Every castle had a dungeon. Damien felt sure it was a rule. He’d never visited one before so he had no idea how Uncle Andy’s compared to someone else’s. In some of the stories he’d read, the authors described dungeons as dank, smelly places filled with torture chambers and hooded guards that entertained themselves by beating the prisoners. By that standard this dungeon was a pleasant spot.
Cool and dry, without a bit of standing water, the dungeon under the royal castle had a dozen cells outfitted with simple cots and mess buckets. A faint odor of sweat and human waste filtered through the halls, but nothing unbearable. In fact, to Damien, the smell offended less than the nobles’ perfume. Steel doors with small view slits kept the prisoners from wandering off. Ten guards in blue-and-sliver uniforms patrolled the halls, heavy truncheons hanging at their belts.

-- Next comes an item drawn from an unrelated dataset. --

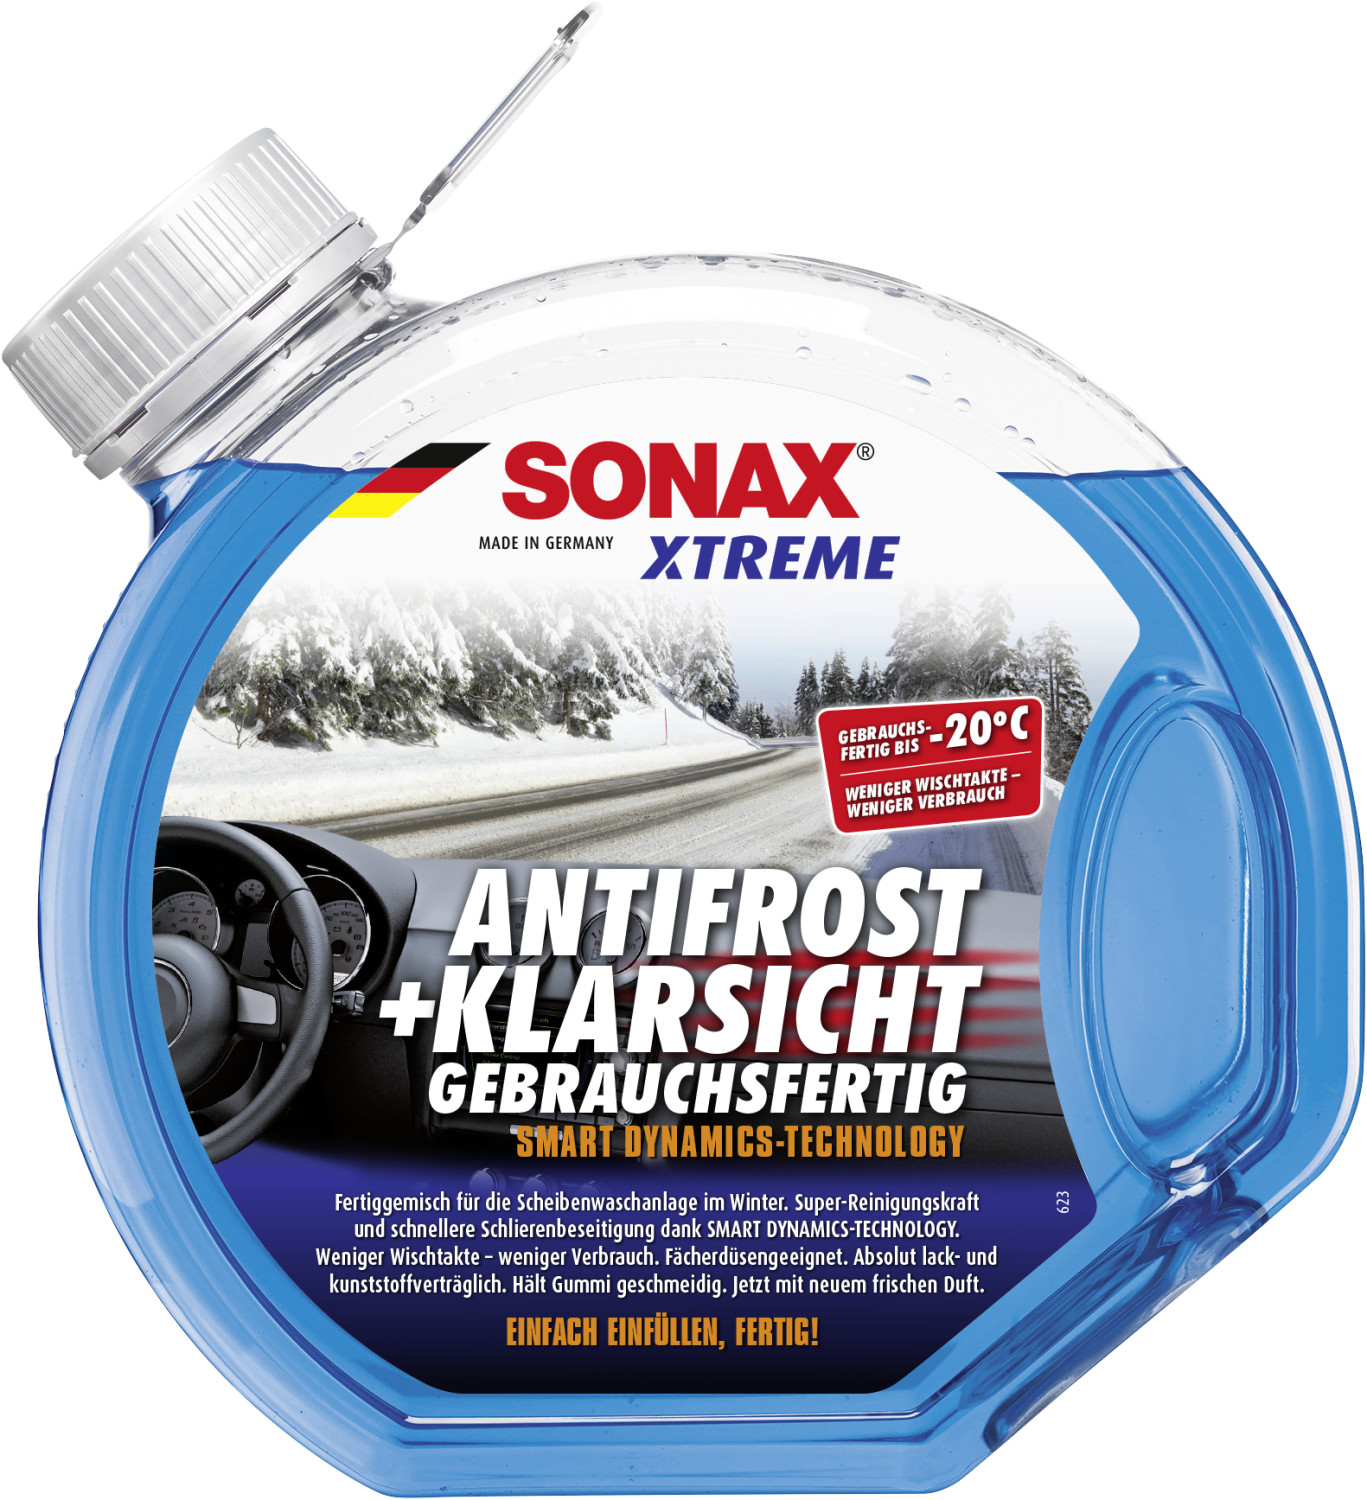 Sonax Xtreme AntiFrost+KlarSicht bis -20°C (3 l) ab 6,97 €

On their way to the interrogation chamber Damien and the archmage passed three guards on patrol. Was “interrogation chamber” a euphemism for “torture chamber”?
When she heard about the attempt on the king’s life his master had about hit the roof. Damien wouldn’t have wanted to be whichever Crimson Legionnaire had let the assassin sneak into the castle.
“You did well to spot and subdue her, Damien,” the archmage said. “Since you took her alive, hopefully we can find out who hired her.”
“Thank you, Master.” Damien allowed himself a moment to bask in his mentor’s praise. “I’ve never seen anyone who used their soul force like she did.”
“I’m not surprised.” They rounded a corner and found three red-robed sorcerers facing into an open room.
Soul force streamed from the sorcerers. Every time the assassin tried to draw power from her core they severed the link and her conjuring collapsed. He wasn't familiar with that technique. Inside the room a fourth sorcerer in identical robes sat at a simple wooden table facing the assassin.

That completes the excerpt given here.